The fundamental forces of nature are gravity, explained by the theory of general relativity due to Einstein, and electromagnetic and nuclear forces, captured by quantum mechanics, when describing for instance atoms made of electrons and nucleus. It turns out to be incredibly difficult to unify these forces and theories into one common framework, that would for example describe the early days of our universe, right after the big bang, when it was filled with elementary particles. Interestingly, string theory is one of the rare candidates for such a fundamental theory. But it remains very difficult to connect it precisely to the world that we observe. For instance, string theory describes well universes that have a different shape than ours, or contain different particles. My research thus consists in trying to improve the connection of string theory to our world, or equivalently to understand whether it is possible to do so. In more details, my research project has three principal aims. The first one has to do with the actual shape of our universe: it has been observed to be expanding and accelerating, and is thus called a "de Sitter" universe. I will then determine conditions for having such a de Sitter universe described by string theory. The second aim goes the other way round: some other theories called supergravities admit such de Sitter universes, so the question becomes whether one can relate these theories, or even obtain them, from string theory. My goal is then to establish such a relation. Finally, the third part of my project aims at studying a subset of the particles usually obtained when starting from string theory, namely those similar to the Higgs boson. Achieving these three goals would be a non- trivial step towards connecting string theory to the world as we observe it.

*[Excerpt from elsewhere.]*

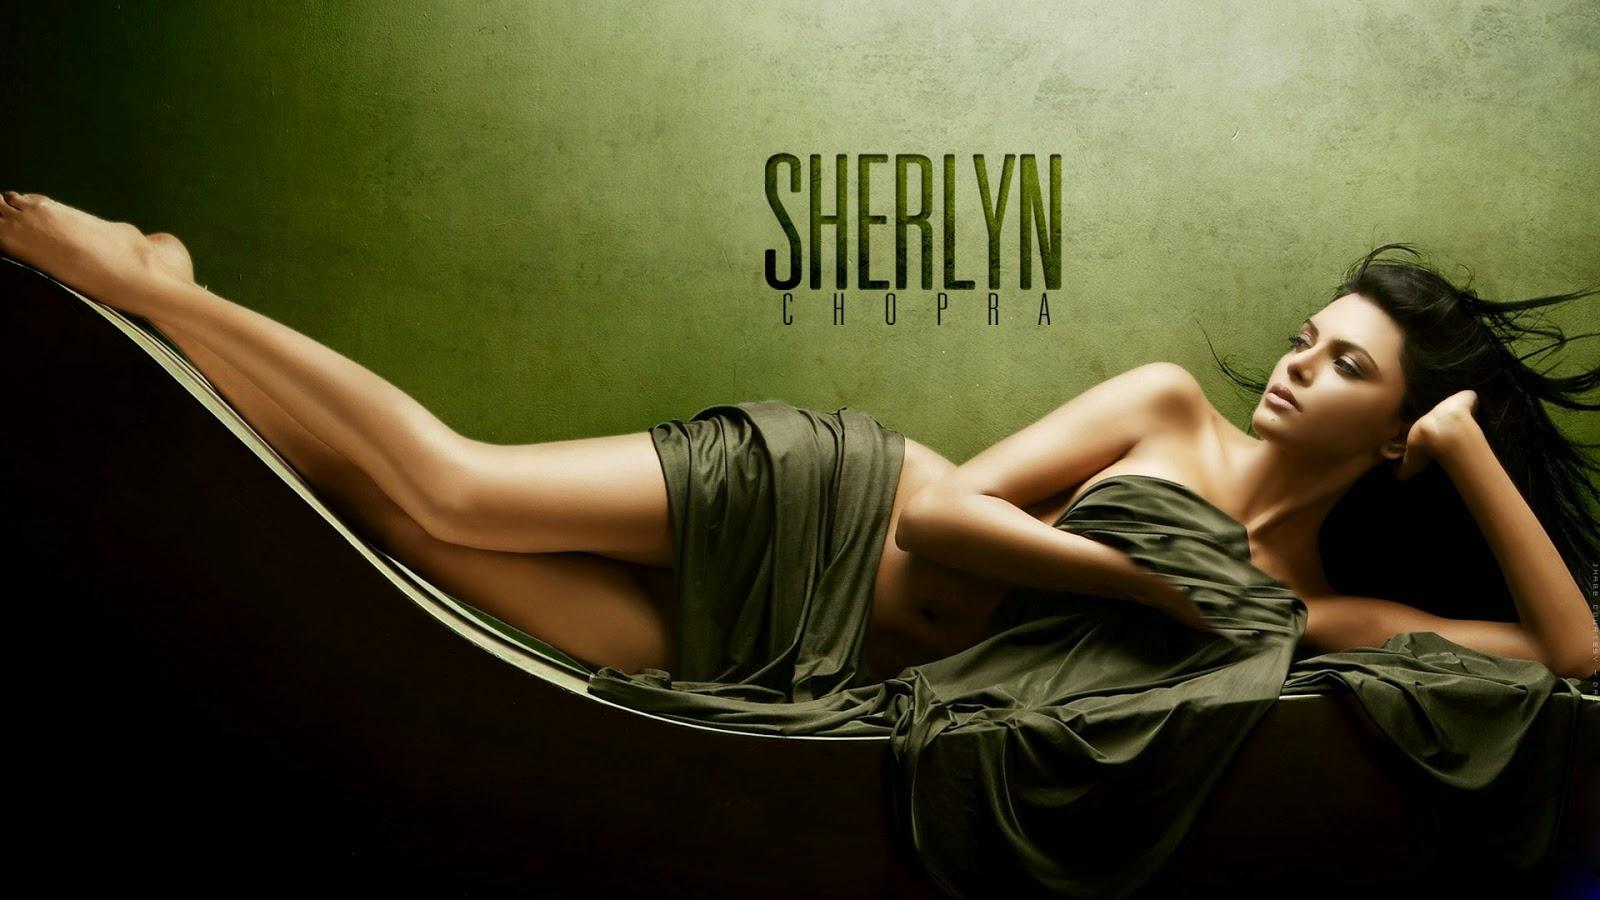 sherlyn chopra Hot Free Wallpaper Download

It is an observed fact that not only our universe is expanding, but it does so at an accelerated rate. The energy responsible for this acceleration is not understood: it looks like nothing we know of, and is for this reason dubbed "dark energy". This acceleration and energy can be rephrased in terms of a certain geometry of our universe spacetime, called a de Sitter spacetime. In this project, we have tried to obtain such de Sitter spacetimes, starting from string theory. String theory is a candidate to be a fundamental theory describing nature. As such, it should provide an explanation to this mysterious dark energy. For this reason, we searched and found new kinds of solutions with de Sitter spacetimes, in a theory very close to string theory, called supergravity. The dark energy then corresponds to some ingredients present in extra dimensions allowed by the theory. We also studied some of the properties of these new solutions, namely their stability, which says how long such a universe would live. In previously found de Sitter solutions, they were not living long enough for being realistic, but we improved this situation in the project with these new solutions. It is notoriously difficult to find solutions with a de Sitter spacetime, mimicking our universe in accelerated expansion, from string theory. Recently some conjectures were made which state that such solutions do not exist, at least in some parts of string theory. In the project, we could prove in some framework these conjectures and make them precise, showing that they hold some truth. In string theory, many constructions aim at giving a realistic 4-dimensional physics model that describe our world. Most of those make use of massive objects called D-branes and orientifolds. These objects, as any massive object in general relativity, curve spacetime. In this project we determined for the first time the way they curve spacetime when some of the space dimensions are compact, for instance when having extra dimensions that are circles. This is a common situation in string theory inspired models. We then made use of this new information to study the propagation of 4-dimensional gravitational waves in presence of such massive objects and extra dimensions, and in order to compare this to future observations.